Created attachment 11541 [details] Patch file to comment out re-definition of select_plugin_type variable. Overview: In the gres_plugin_job_revalidate function located in src/common/gres.c, the variable 'select_plugin_type' is defined again with a value of NO_VAL after having previously been defined elsewhere in the code. This re-defined value is then immediately tested to see if its value is SELECT_TYPE_CONS_TRES, which will always fail due to having been set to NO_VAL. Steps to reproduce: 1) Submit a job using an option supported only by the cons_tres plugin (such as requesting a GPU using -G 1). 2) Restart slurmctld (or run 'scontrol reconfig'). Actual results: Jobs using the cons_tres options are stopped upon a slurmctld restart or 'scontrol reload' even if the select plugin has not been changed from "select/cons_tres" in slurm.conf. The error provided by slurmctld's log is "error: Aborting JobId=<jobID> due to use of unsupported GRES options". Expected results: Jobs using the cons_tres options contine to run (assuming that whatever change made to slurm.conf wouldn't otherwise cause the job to be stopped). Attached is a patch file which comments out the line in question. With this line removed, the function works as expected and only stops jobs if the select plugin has been changed from select/cons_tres to another one that doesn't support the new tres options, like select/cons_res.

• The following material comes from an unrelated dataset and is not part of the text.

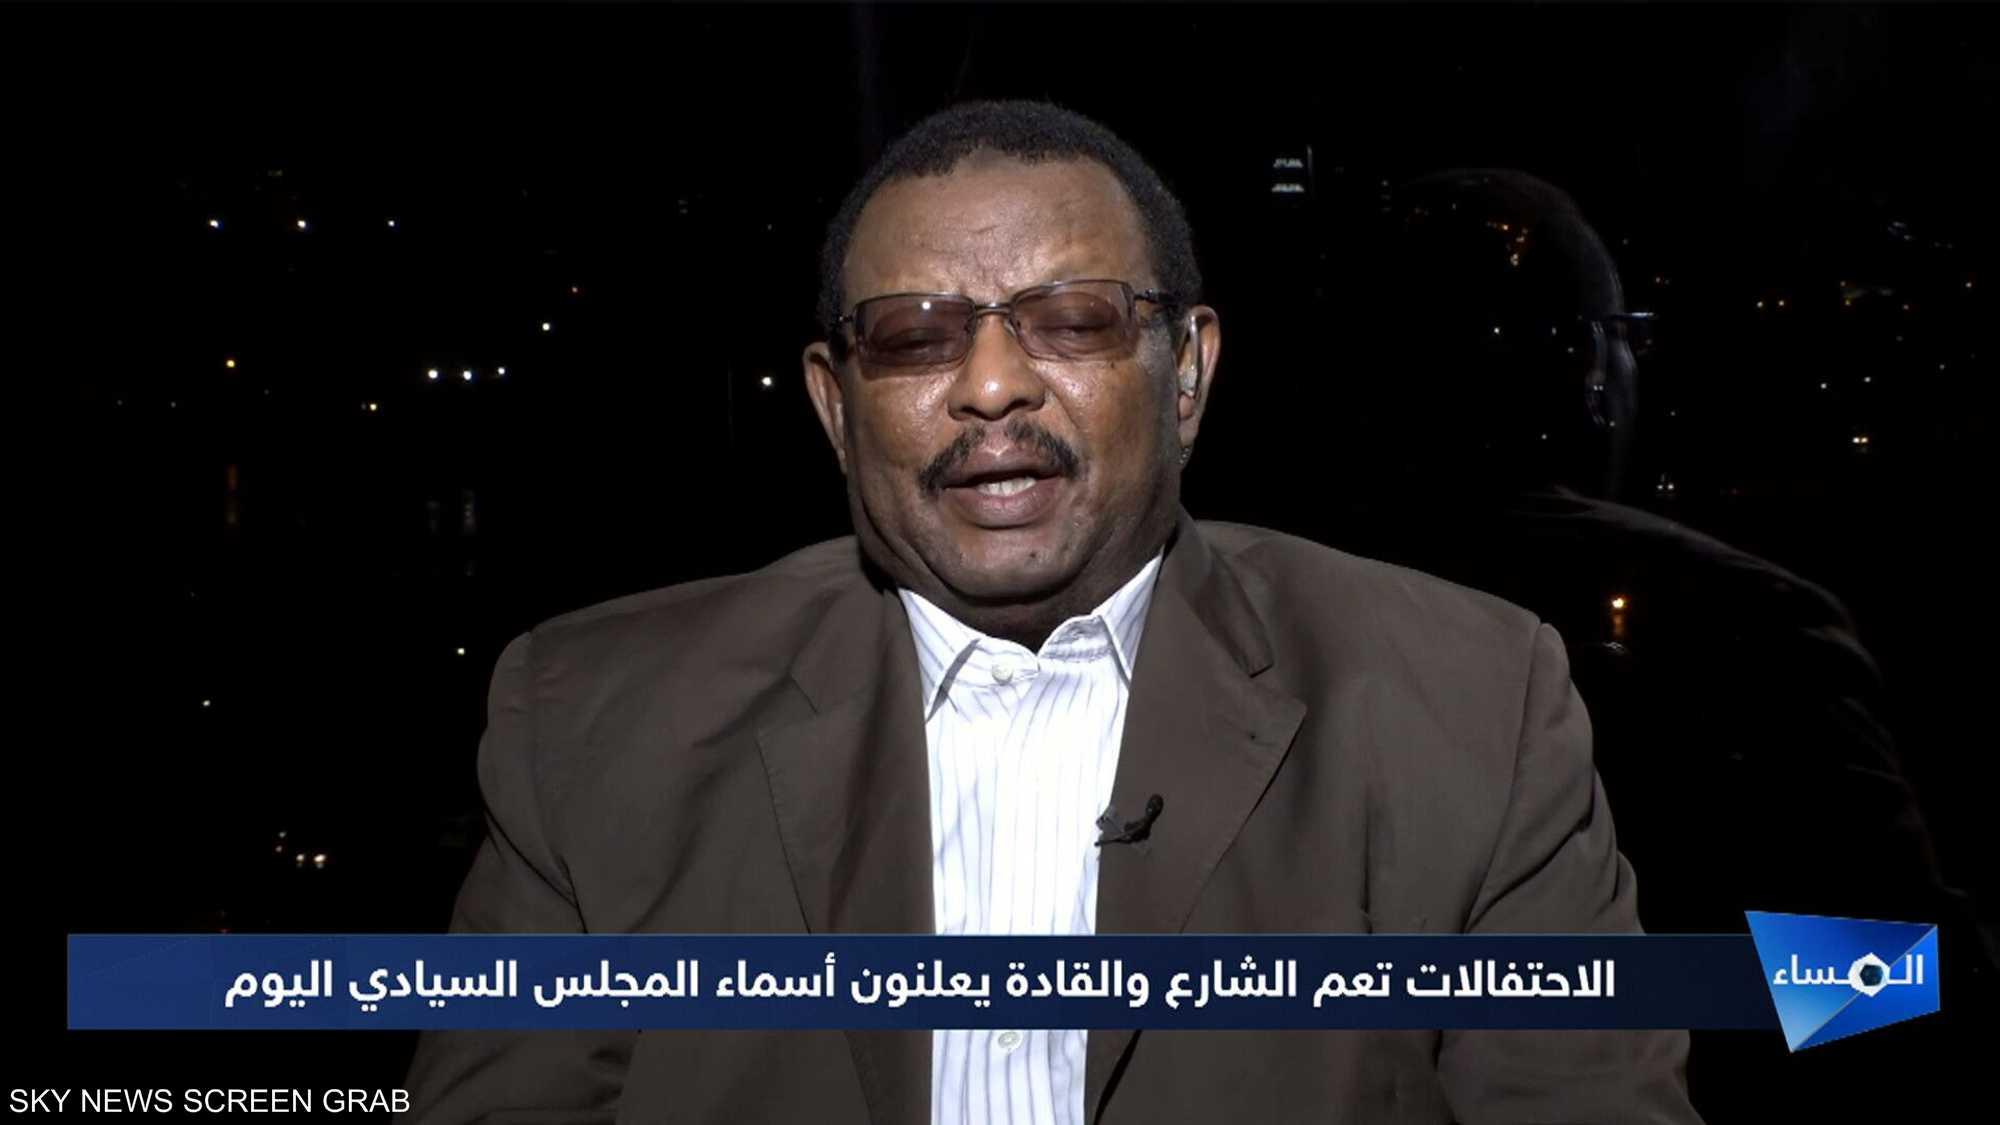 السودان على موعد مع تسمية أعضاء المجلس السيادي

FYI, in a related bug we filed, I had traced down the problem so the same line of code and was about to propose the same fix before seeing this ticket.
Comment on attachment 11541 [details] Patch file to comment out re-definition of select_plugin_type variable. Thanks Robert, a commit that removes this line completely is in 19.05.3. Commit 2abd2a3d8d6bdc.
Fixed, thanks for bringing it to our attention! Please reopen if you find something else on this.